Charging Your Car’s Battery – in 1898

April 28, 2020

Jim Harrison By: Jim Harrison
Guest Blogger, Lincoln Technology Communications


The story of the birth of the electric car is also the story of a quite amazing confluence of inventions during the mid- to late-1800s. A time of really rapid change.

Let's say you are living in Philadelphia in the summer of 1898. It's a beautiful day and you just bought a wonderful new electric car. This car is great! It is quiet. It does not spew smoke all over the place like some other vehicles. It is easy to start and control. And, it's very fast—17mph.

American Electric Vehicle Co.'s Road Buggy could travel at speeds up to 17mphFigure 1. The Road Buggy from American Electric Vehicle Co., Chicago, Illinois, 1896-1898. (Image source: Wikipedia, public domain)

OK. The question is, how will you charge the batteries in your Road Buggy?

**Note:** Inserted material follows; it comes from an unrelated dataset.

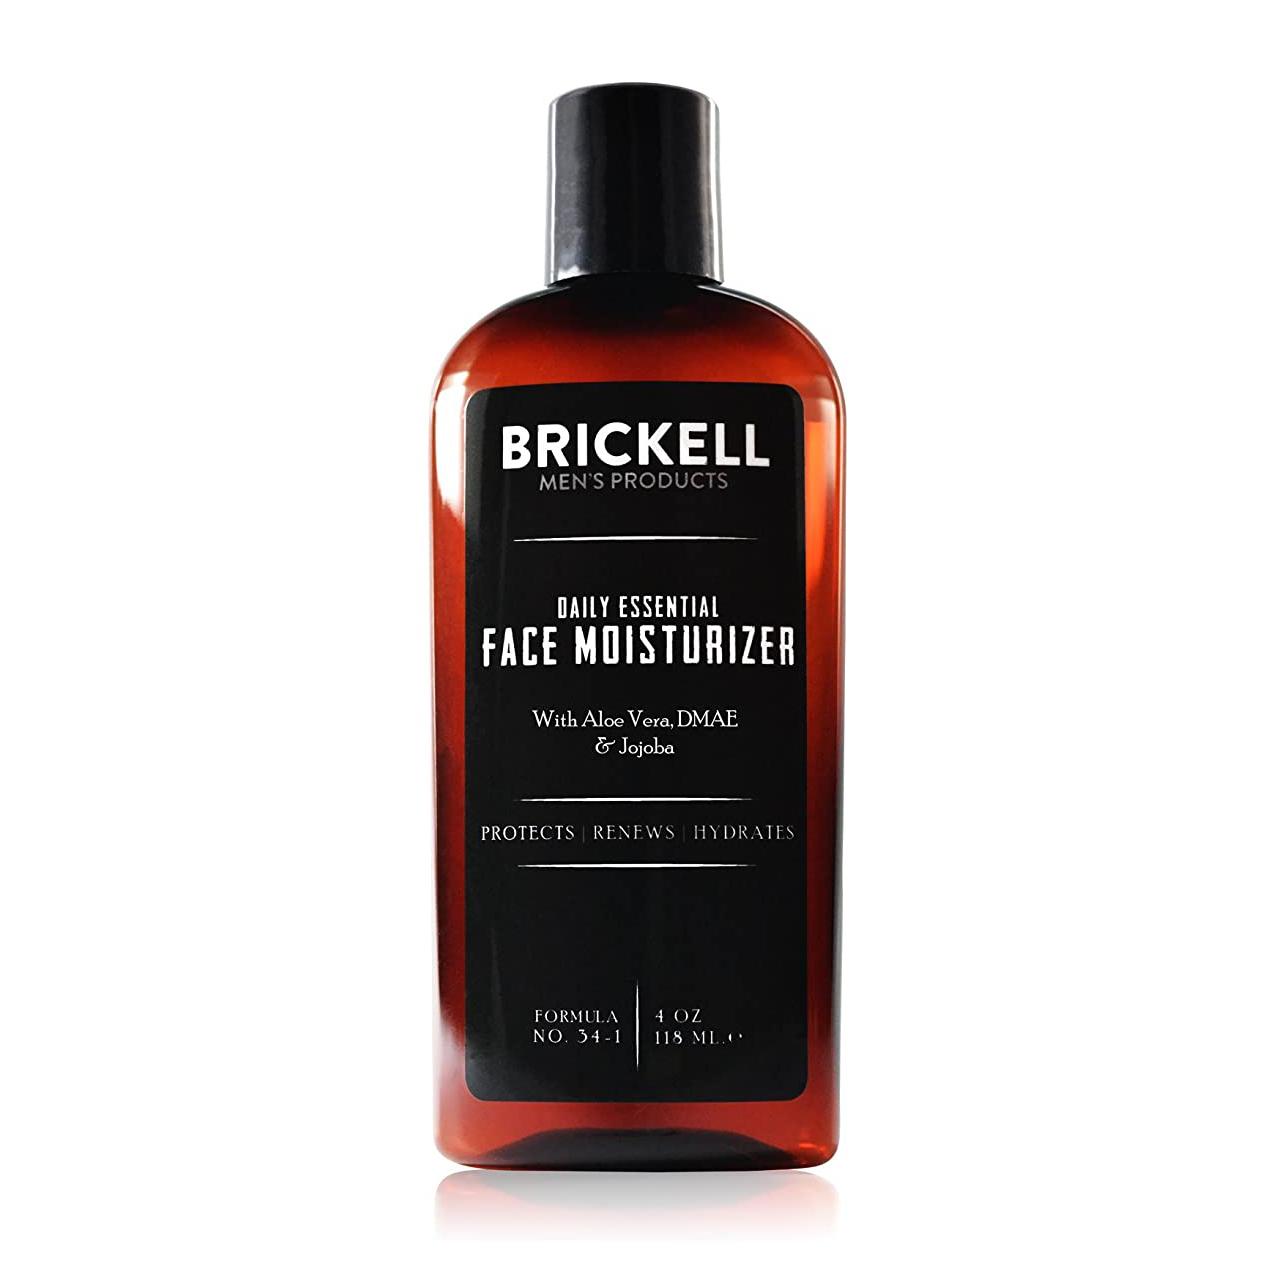 Brickell Men's Daily Essential Face Moisturizer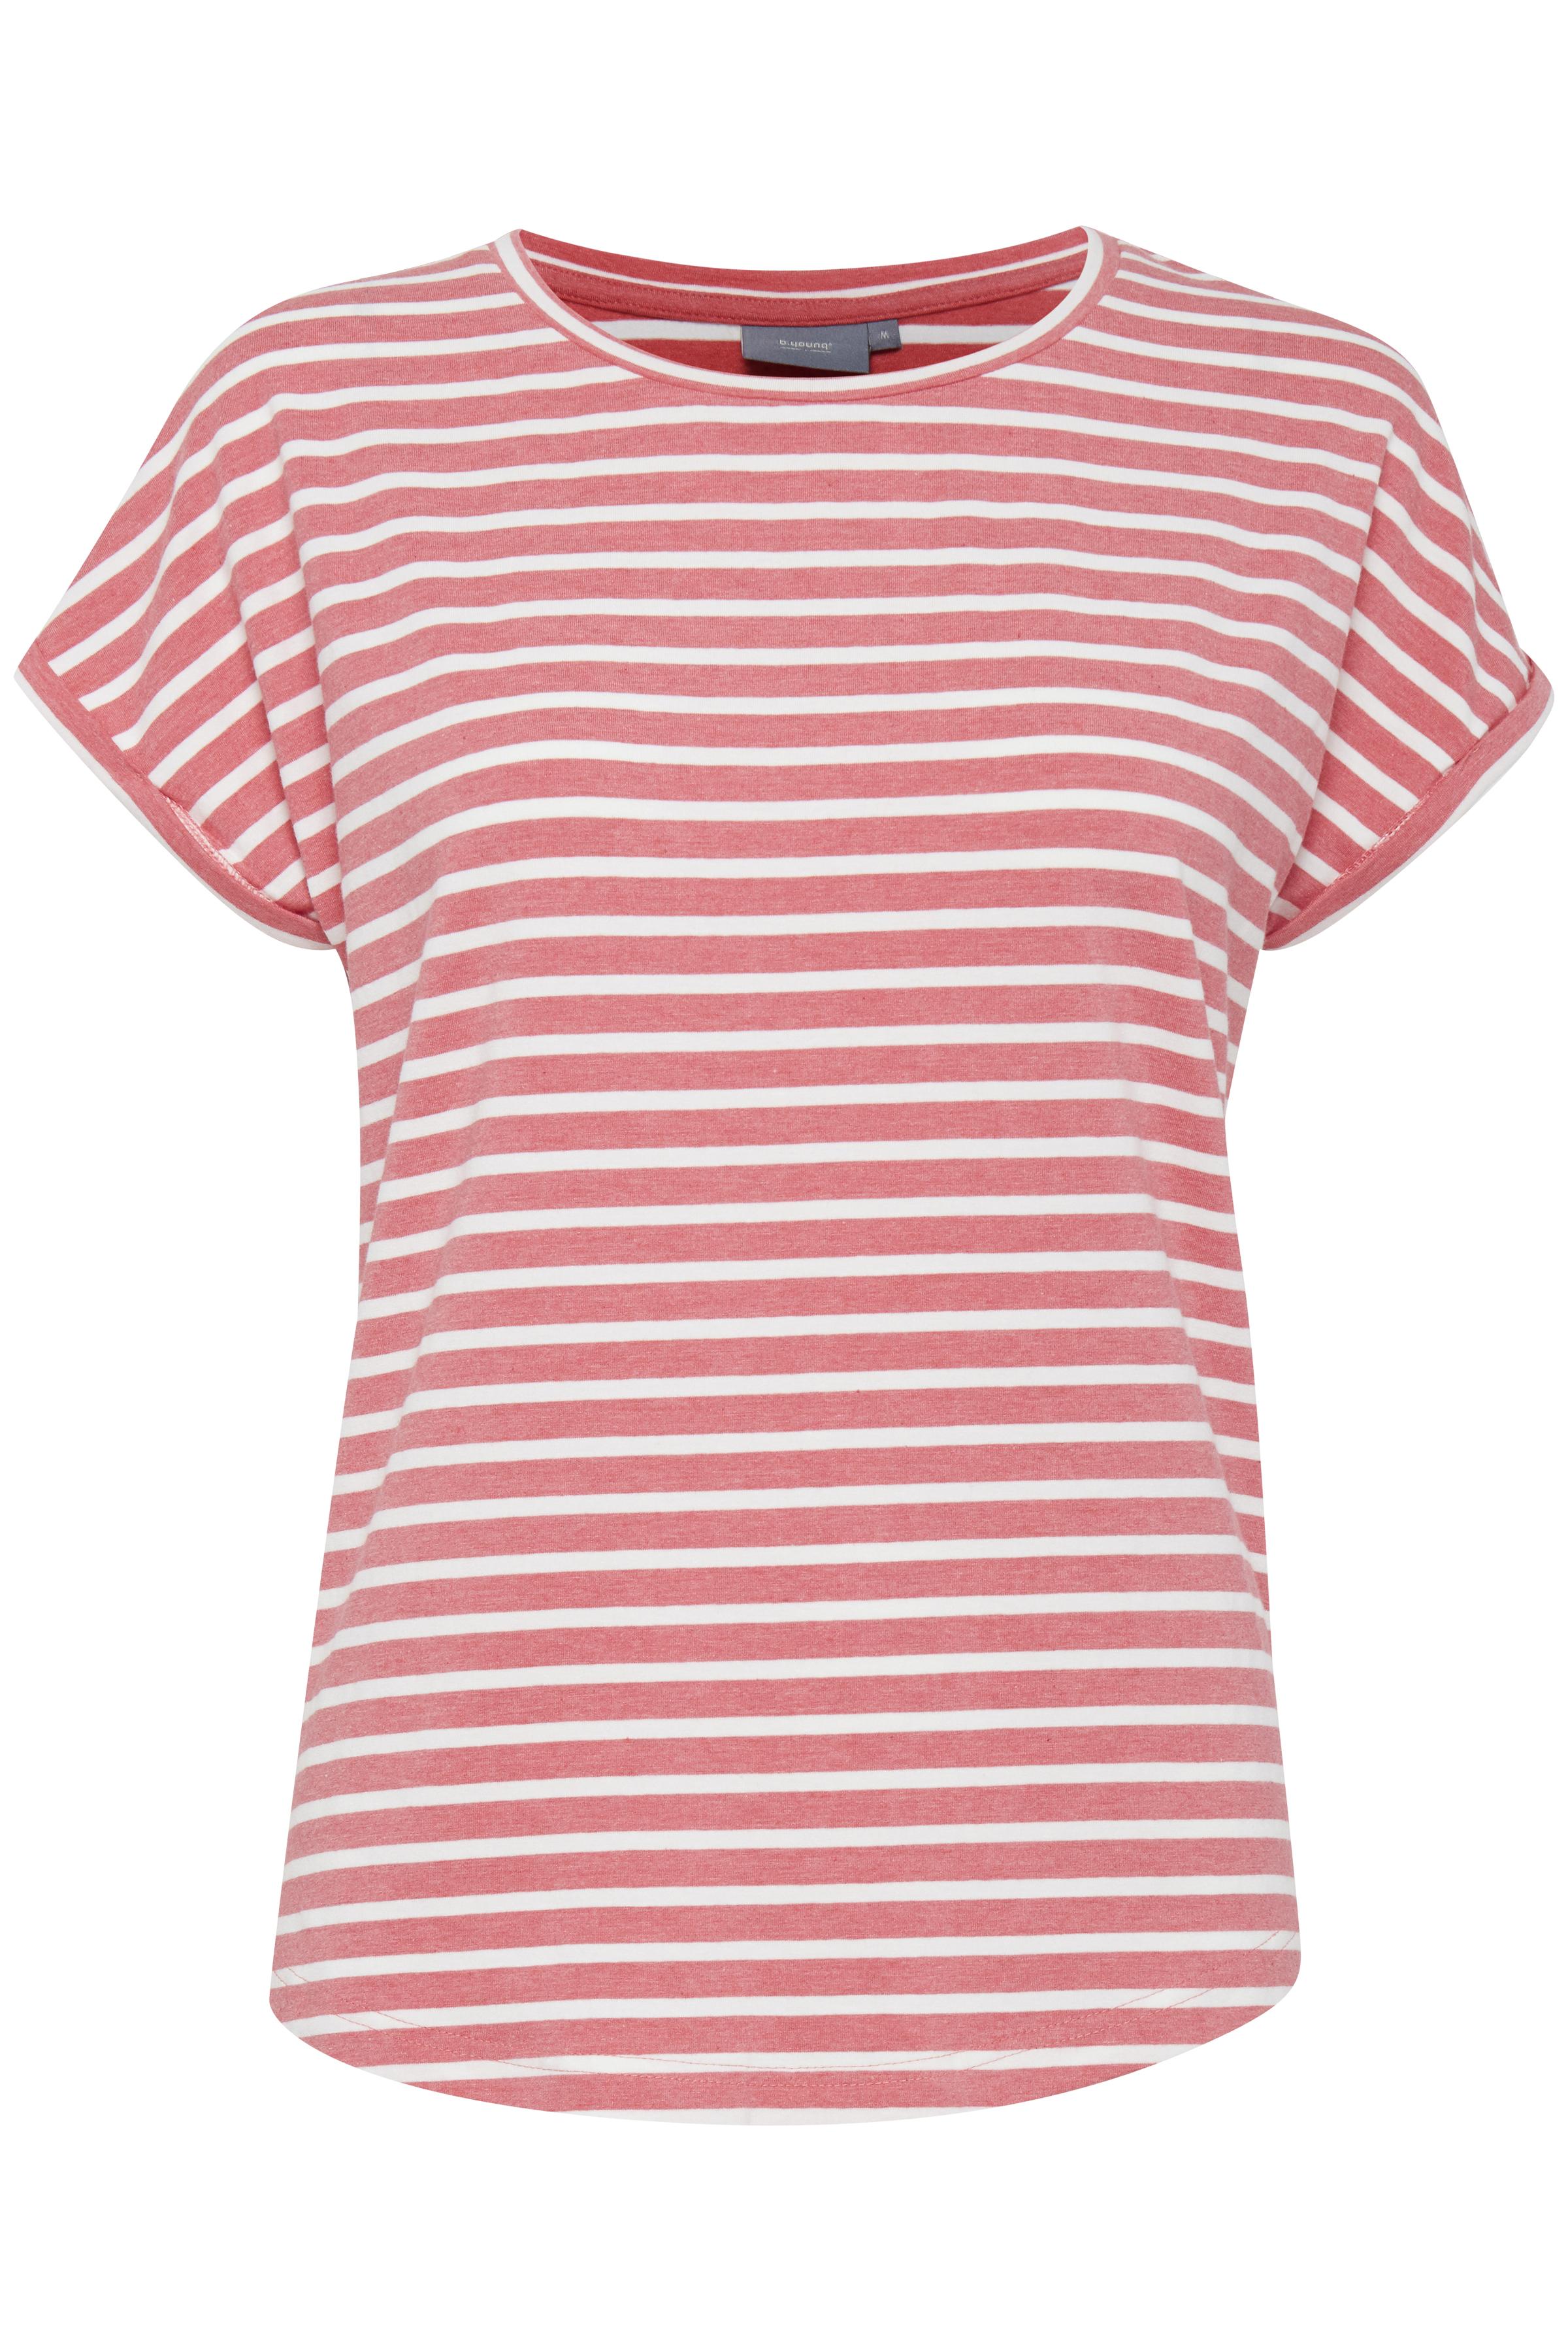 Striped Sunkist Coral Mel.

How Did We Arrive at the First Battery?

We need to back up for a minute. Of course, it all started with Alessandro Volta, who was born in Como, Italy, in 1745. In 1774, he was appointed as professor of physics at the Royal School in Como and in 1800 he invented the voltaic pile. Volta stacked discs of copper and zinc separated by cloth soaked in salty water. The Volta battery was a primary cell and its metal plates did not last a long time.

However, with Volta's device, a battery, the age of electricity could begin.

In 1802, William Cruickshank designed an improved battery using sheets of copper and zinc in a trough with an electrolyte of brine. Still, it was a primary cell that you threw away after a time. But it did allow experimenters in Italy, other European countries, and the U.S. to discover new electromagnetic properties.

A Better Battery and the Magneto/Dynamo

In 1831, Michael Faraday (1791-1867) demonstrated how a copper disc was able to provide a constant flow of electricity when revolved in a strong magnetic field: a generator.

in 1836, English chemist John Frederick Daniell invented a cell with a copper plate at the bottom of a glass jar, a copper sulfate solution, a zinc plate, and a zinc sulfate solution. The Daniell cell was a common way to power doorbells, telegraphs, and telephones before electrical generation was available.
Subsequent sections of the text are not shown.